If people start going to IA instead to read the news, the newspaper might have a claim. But if they're doing it to get around paywalls, or purely for archival/historical/research purposes, that may be allowed.
But the reality is such decisions are subjective and will be up to whatever judge happens to get such a case in front of them if this is challenged.
For the later, archive could just limit access to stuff that's less than 7 days old.
Redditors then had the gall to pretend like it wasn’t their number one use case.
First of all it's a lot faster than archive.org, second of all they are much better at bypassing the paywalls. In some cases the operator even seems to have taken up a subscription or at least a user account (in some cases you could see there is a user logged in). They're really clever at this.
For this site the main purpose is indeed the bypass. For the internet archive it's not.
And yeah it could easily be fixed by just publishing the pages a month later or so.
Obviously, a business needs to have an income but it's becoming more common for businesses to function first and foremast as revenue generators and the thing that enables that is only seen as a means to an end. When the quality of the product/service and it's function as a revenue generator diverge, the product/service will always take 2nd chair.
Maybe we could argue that the primary product is the revenue, especially when there are investors involved who are looking for big returns.
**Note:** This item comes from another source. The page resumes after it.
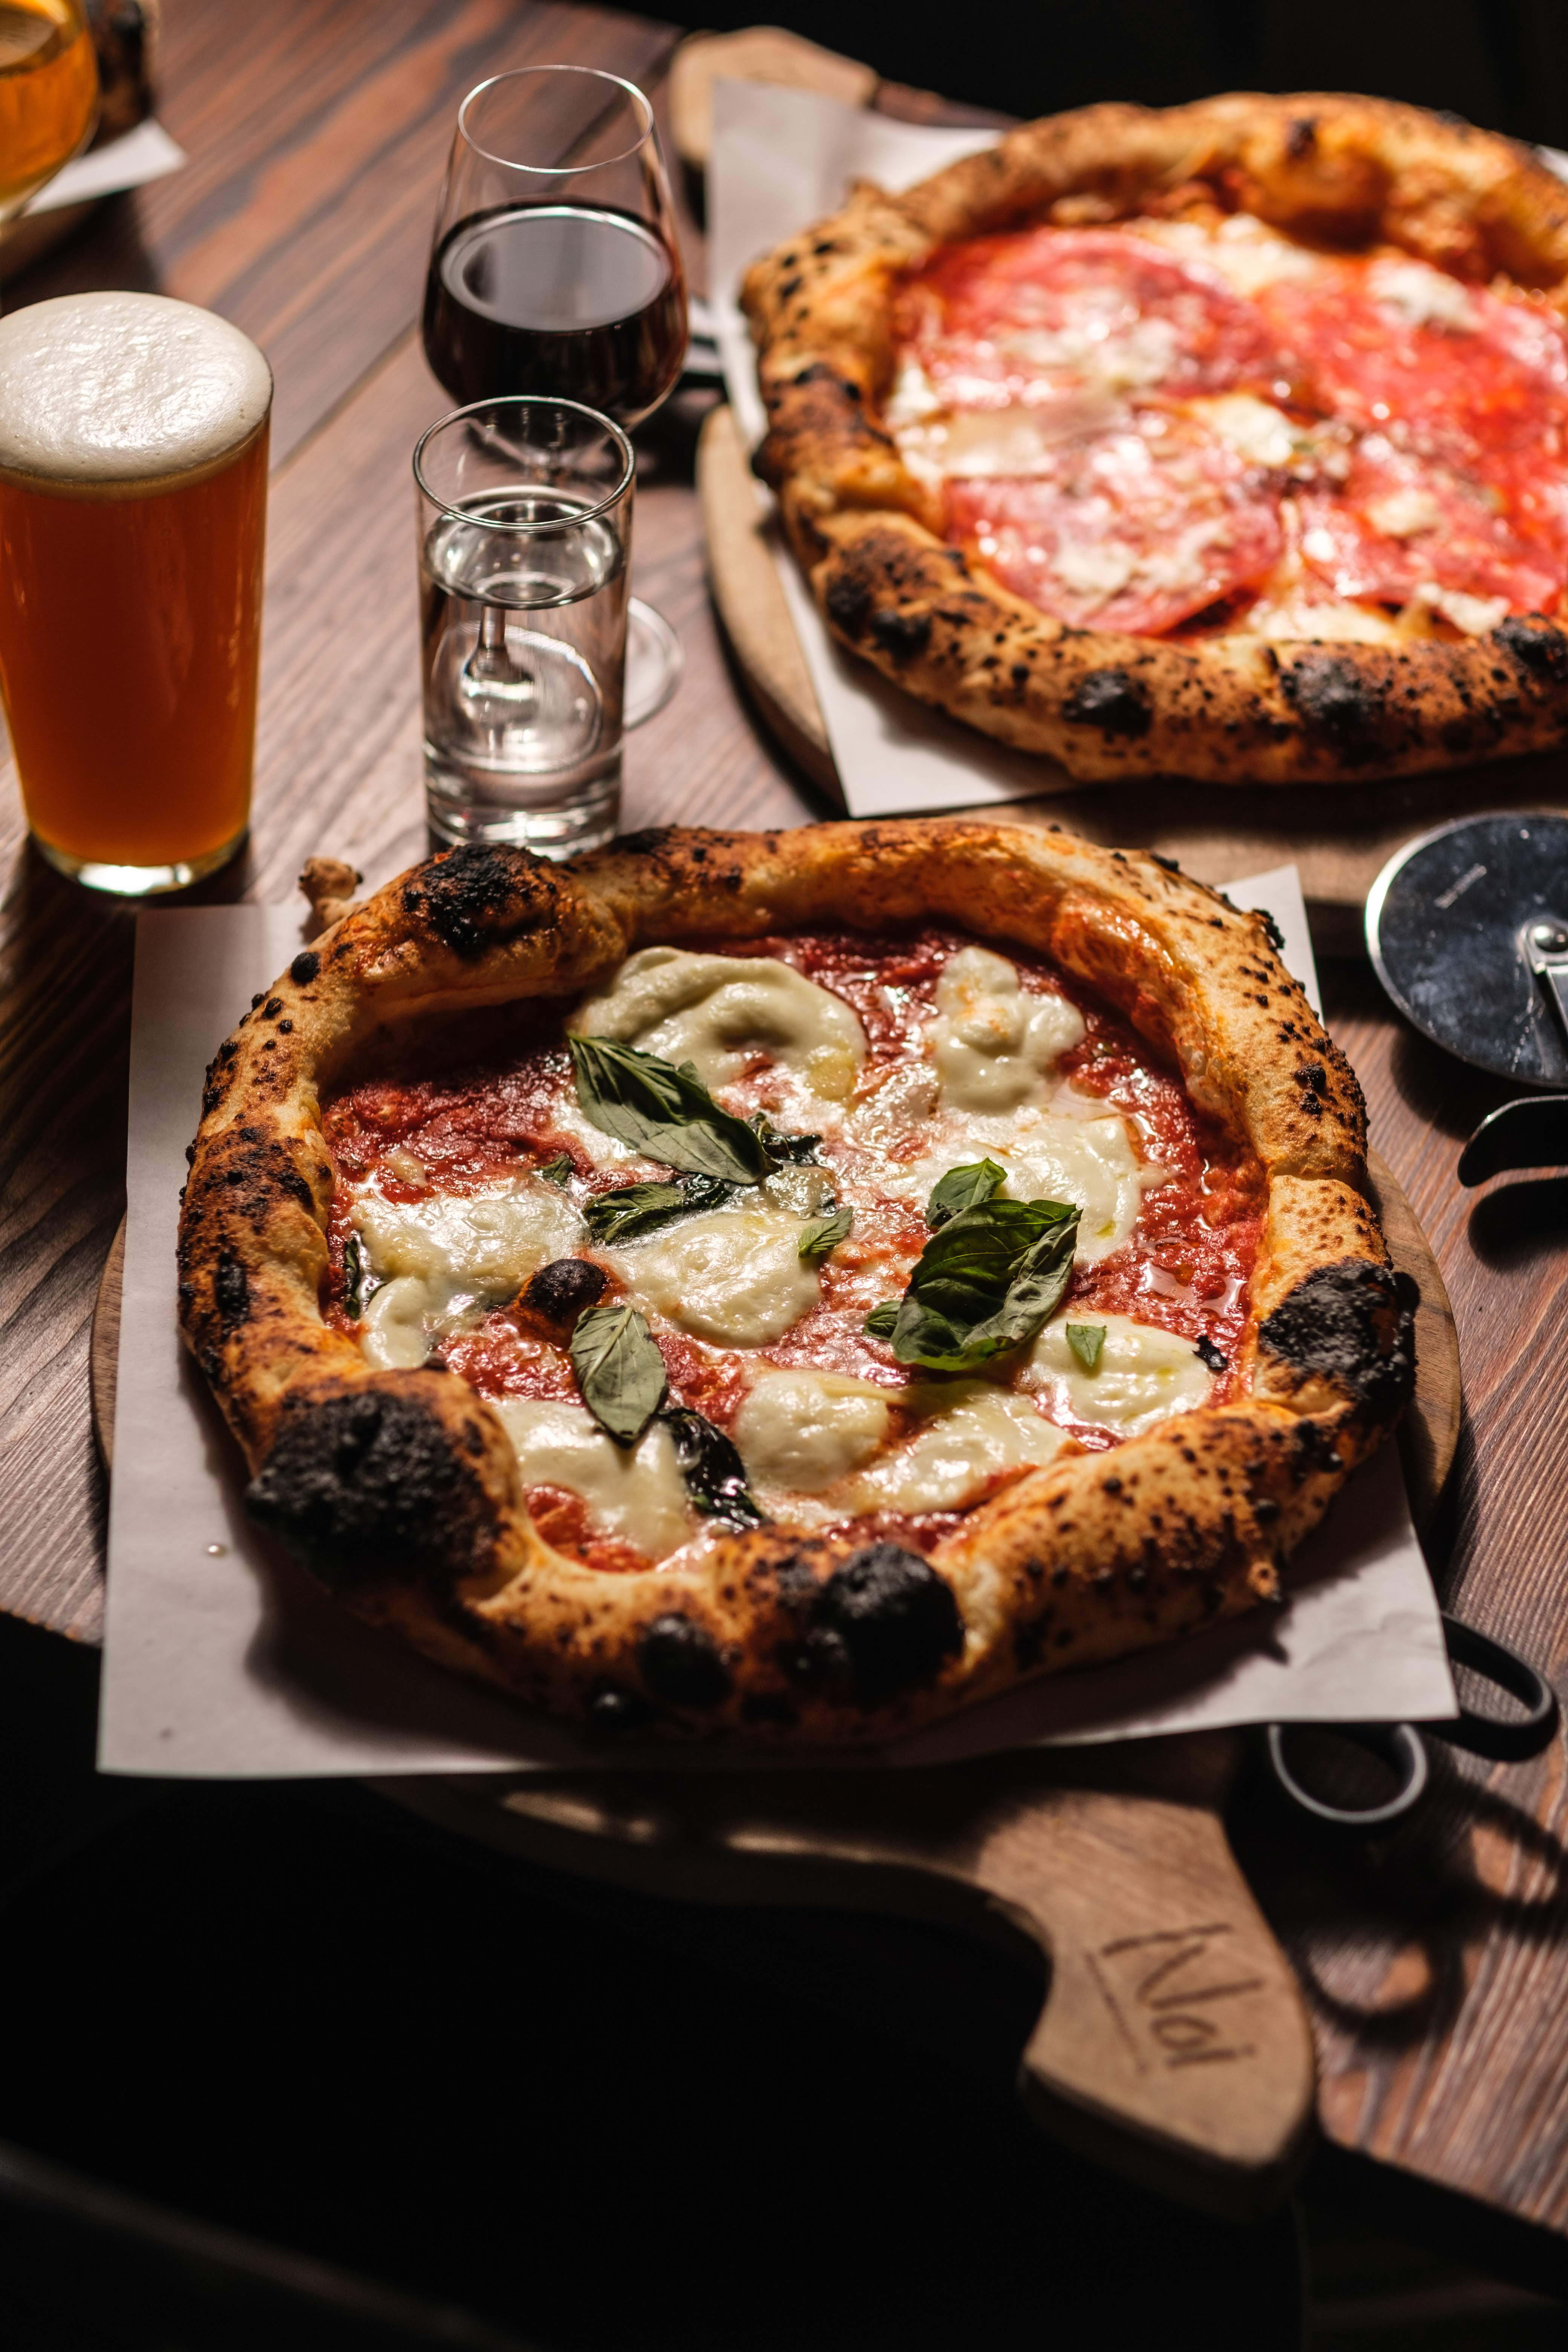 Noi Pizza Saluhallen – Hetaste restaurangerna just nu

There is no media theory of information of what happens when info explodes beyond capacity of the system to consume it. (UN report on Attention Economy says less than 1% is actually consumed by humans)
So media orgs, instead of coming up with one, they just keep mindlessly doing what they know how to do - generate more info. Platforms and corps subsidize this activity for their own interests.
So media orgs have no signal/warped signals of how useless what they are doing is.
https://www.uh.edu/news-events/stories/052815watchingtvracia...
https://www.mediamatters.org/legacy/video-what-happens-when-...
Historically-speaking, if your local news can twist the context to make you easier to sell to (products, services, ideologies), they will do that.
2. And that if news sites offered the text for free but paywalled images they'd be more sustainable than they are now?